__Data block__
────

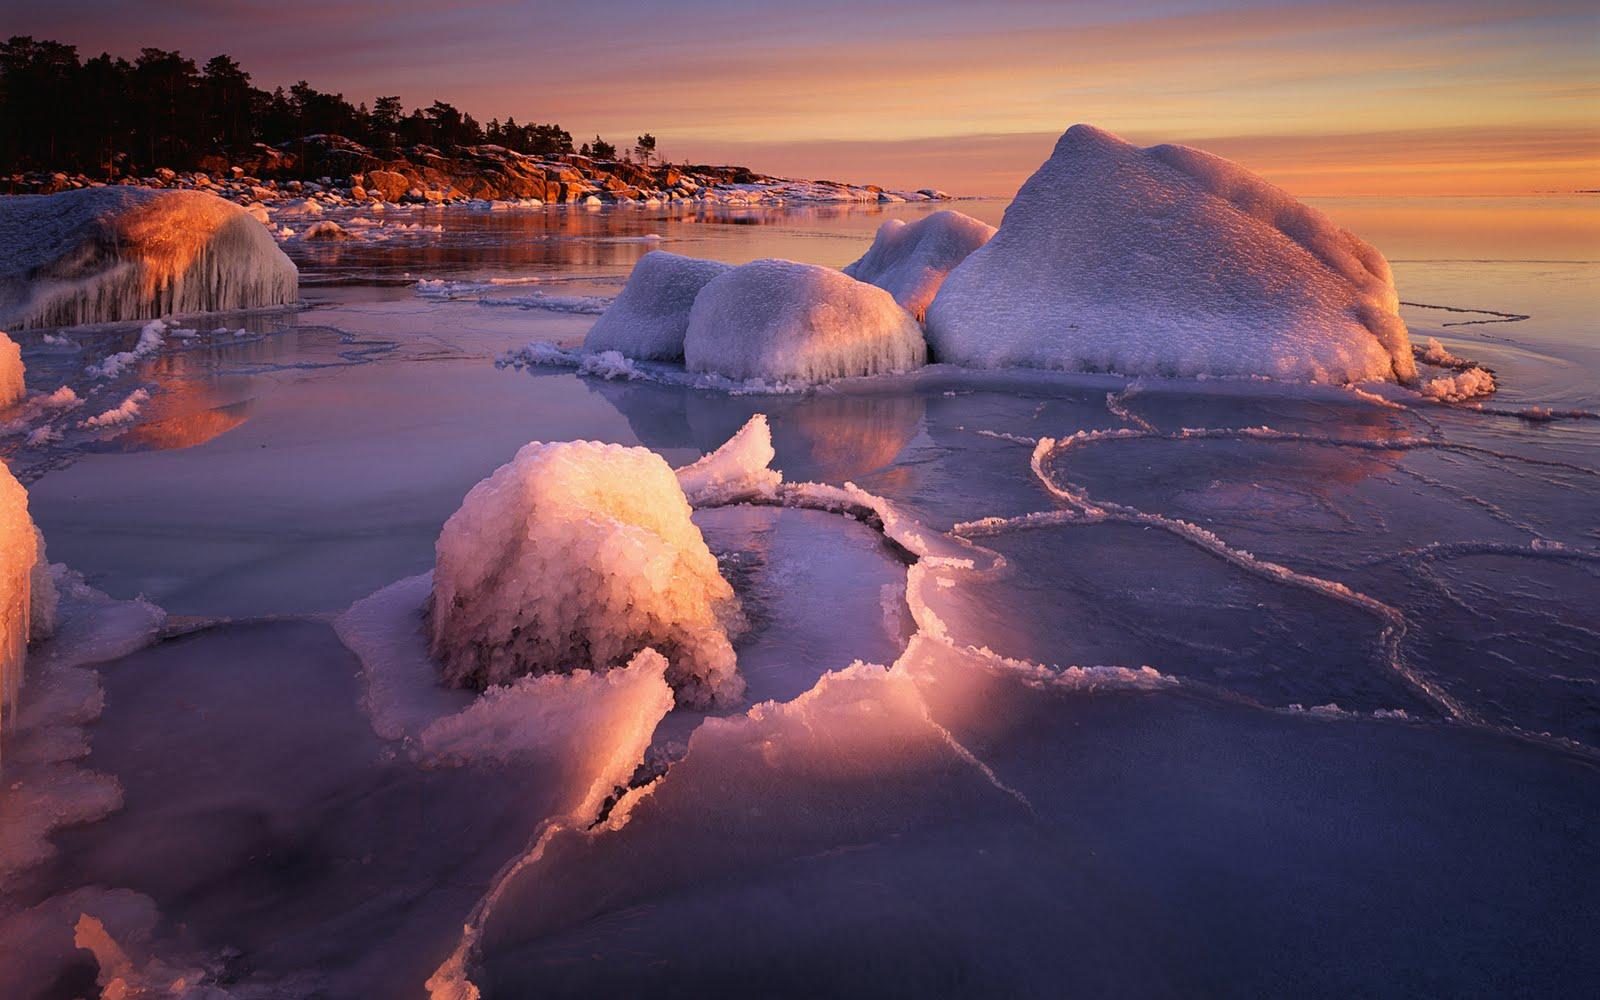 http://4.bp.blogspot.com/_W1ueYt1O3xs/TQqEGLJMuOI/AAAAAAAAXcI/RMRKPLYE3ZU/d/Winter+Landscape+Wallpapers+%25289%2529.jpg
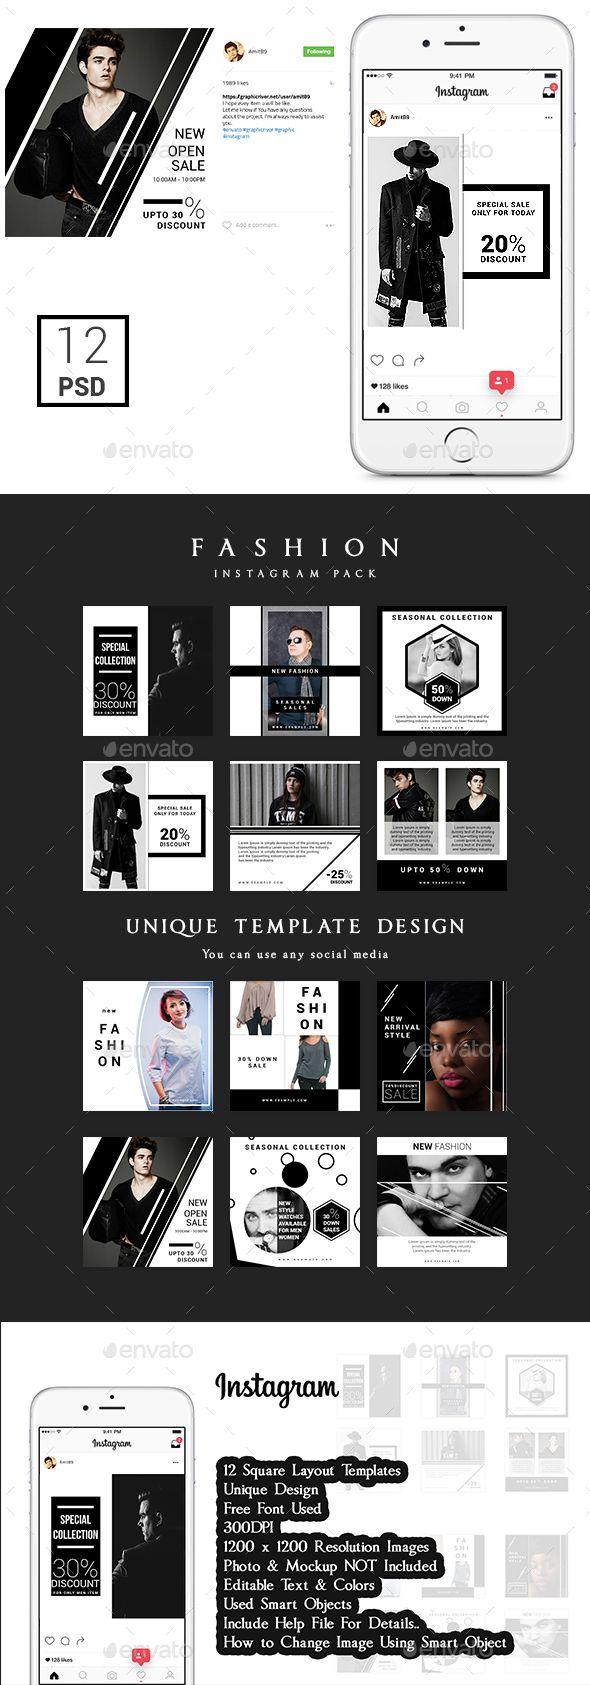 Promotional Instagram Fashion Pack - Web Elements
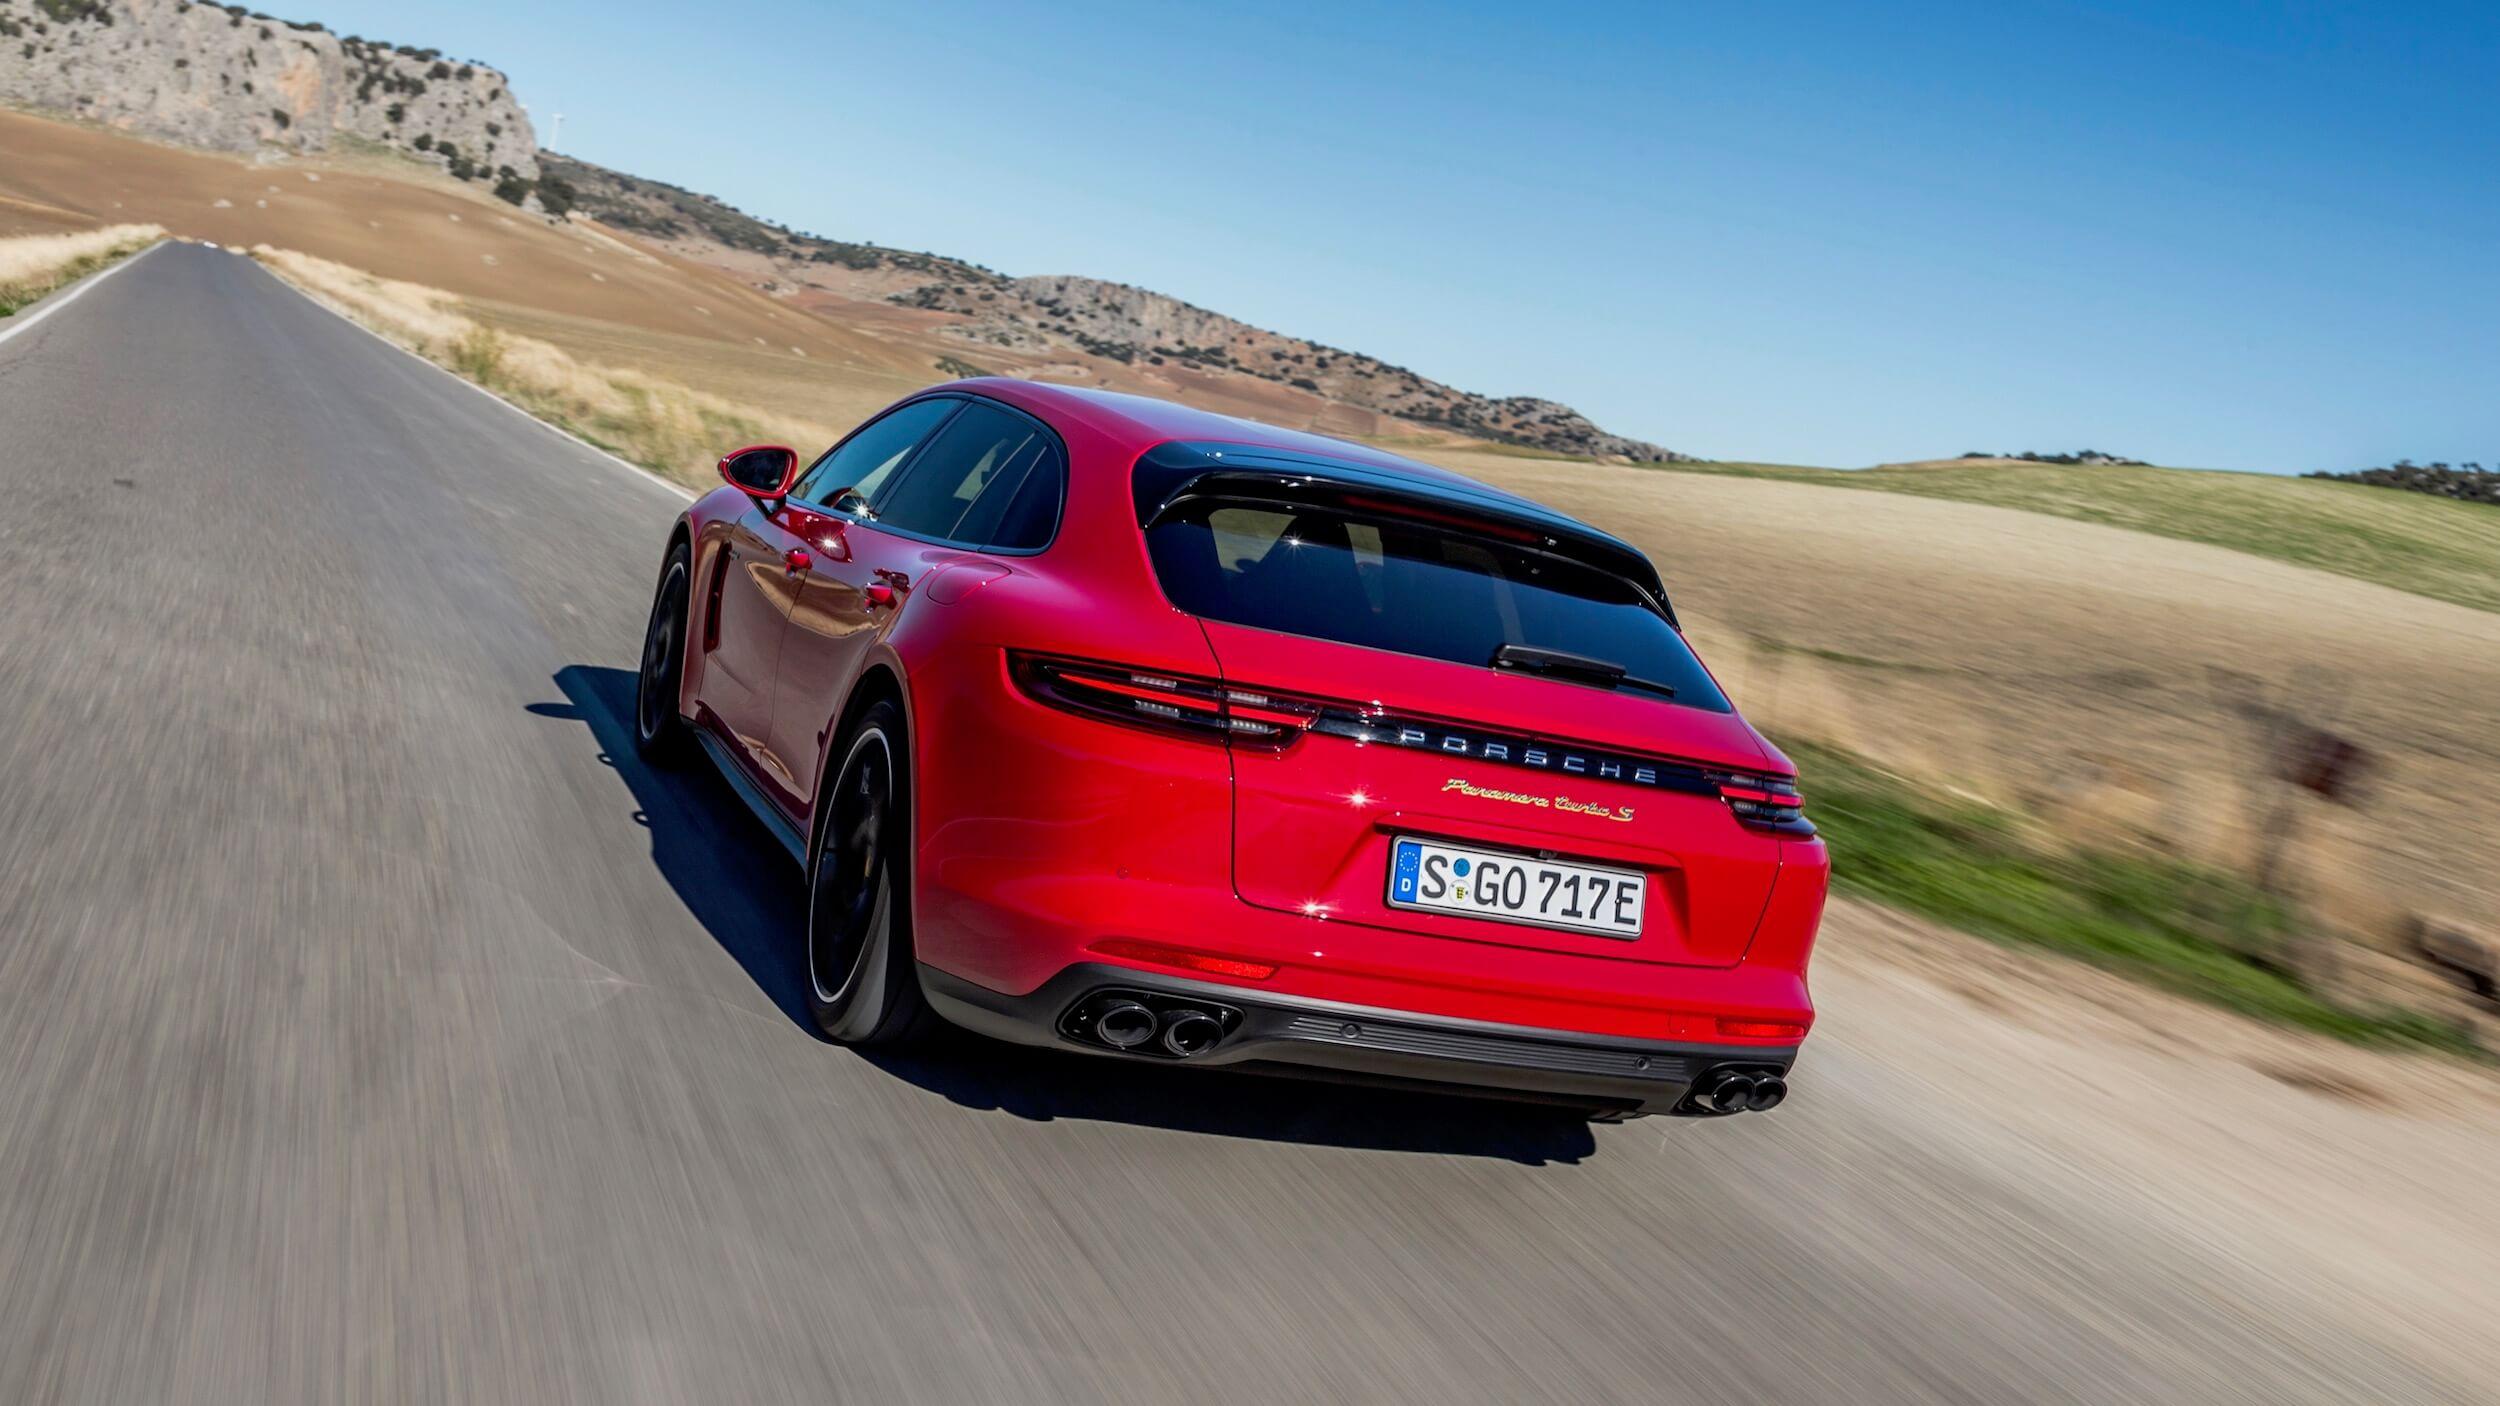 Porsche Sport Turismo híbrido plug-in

────

__What to do__
Repeat the material exactly, without images.

__Reply__
 http://4.bp.blogspot.com/_W1ueYt1O3xs/TQqEGLJMuOI/AAAAAAAAXcI/RMRKPLYE3ZU/d/Winter+Landscape+Wallpapers+%25289%2529.jpg
 Promotional Instagram Fashion Pack - Web Elements
 Porsche Sport Turismo híbrido plug-in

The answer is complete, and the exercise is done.